The main issue seems that I can't get the SGD solution to match the linear algebra error (via inverse or pseudo-inverse) with either parametrization of the data matrix $X$ (standard polynomials or Hermite polynomials).

e.g.

With Hermite:

-----------------
train_error_pinv = 6.006056840733974e-09
final_sgd_error = [ nan]

With standard:

-----------------
train_error_pinv = 5.205485509746132e-20
final_sgd_error = [ 4.50123644]

Best Answer

Just so you can move beyond your doubts about my comments on the OP, here is the code I originally used which led to my comments. This should show definitively that, yes, it works with Hermite polynomials and therefore the problem has to do with the design matrix. This is stochastic gradient descent with a batch size of 2, compared with the least squares fit.

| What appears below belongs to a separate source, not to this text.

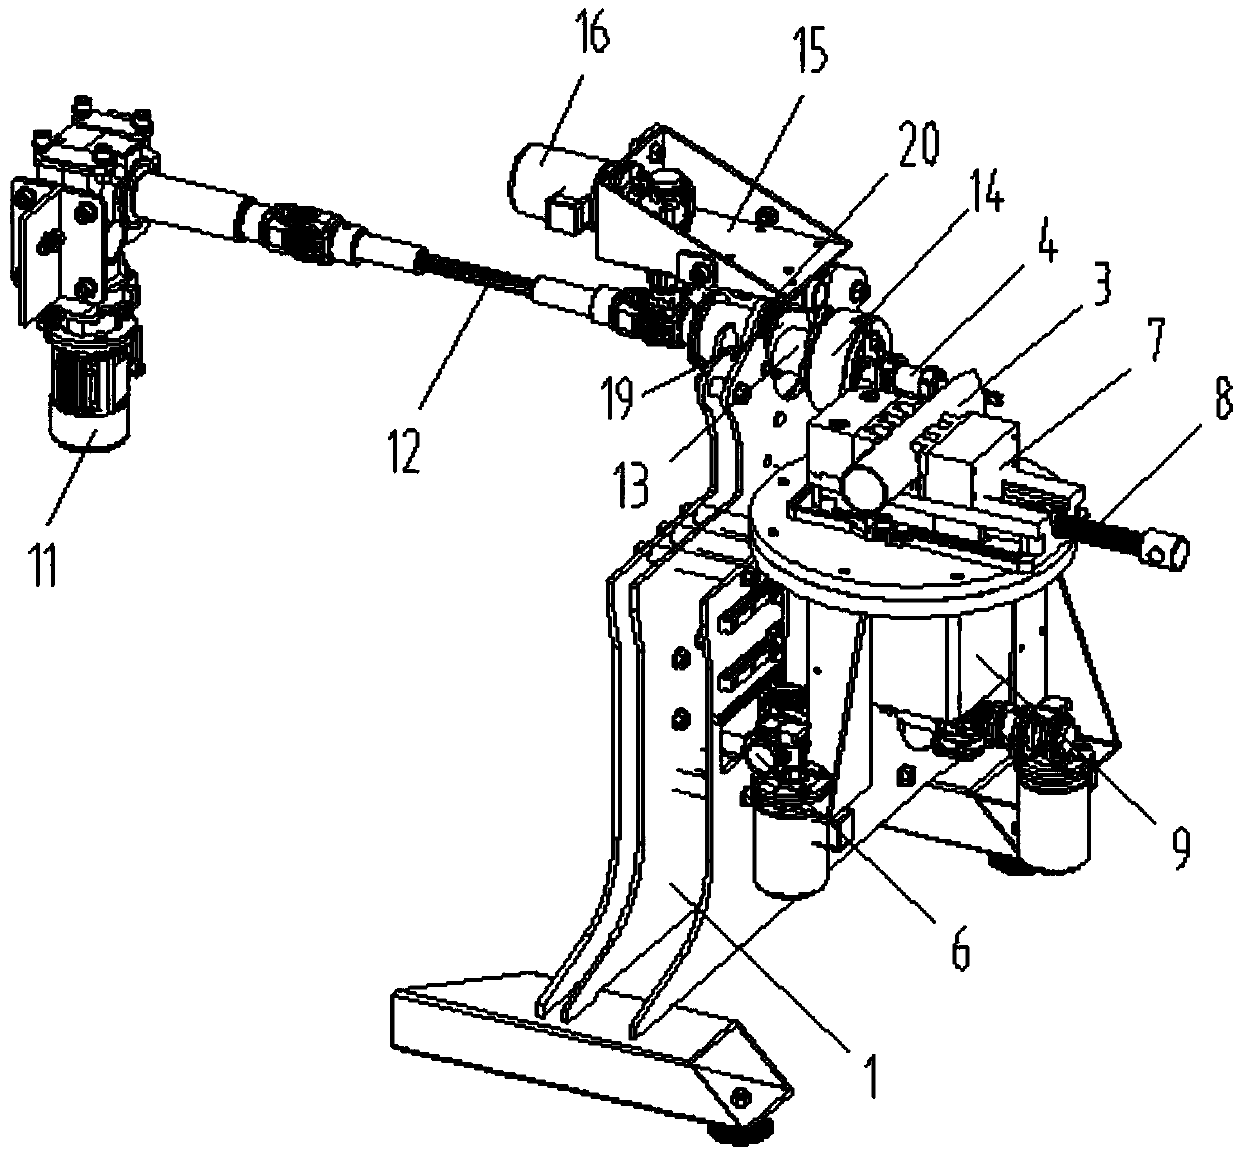 A multifunctional lathe with tool rotation

You can also check for yourself that if you comment the Hermite basis and uncomment the basis you are using that SGD no longer works.

set.seed(1234)

N <- 10
x <- seq(from = 0, to = 1, length = N)
mu <- sin(2 * pi * x * 4)
y <- mu
plot(x,y)

X <- cbind(1, poly(x = x, degree = 9))
# X <- sapply(0:9, function(i) x^i)
w <- rnorm(10)

learning_rate <- function(t) .1 / t^(.6)

n_samp <- 2
for(t in 1:100000) {
  mu_hat <- X %*% w
  idx <- sample(1:N, n_samp)
  X_batch <- X[idx,]
  y_batch <- y[idx]
  score_vec <- t(X_batch) %*% (y_batch - X_batch %*% w)

  change <- score_vec * learning_rate(t)
  w <- w + change
}

plot(mu_hat, ylim = c(-1, 1))
lines(mu)
fit_exact <- predict(lm(y ~ X - 1))
lines(fit_exact, col = 'red')
abs(w - coef(lm(y ~ X - 1)))

If you want to apply this fix in general, you can replace your design matrix with the Q matrix from the QR, but this is probably not realistic for problems large enough that you would want to use SGD in the first place.

Hopefully that is helpful, but I'm not going to debug your code.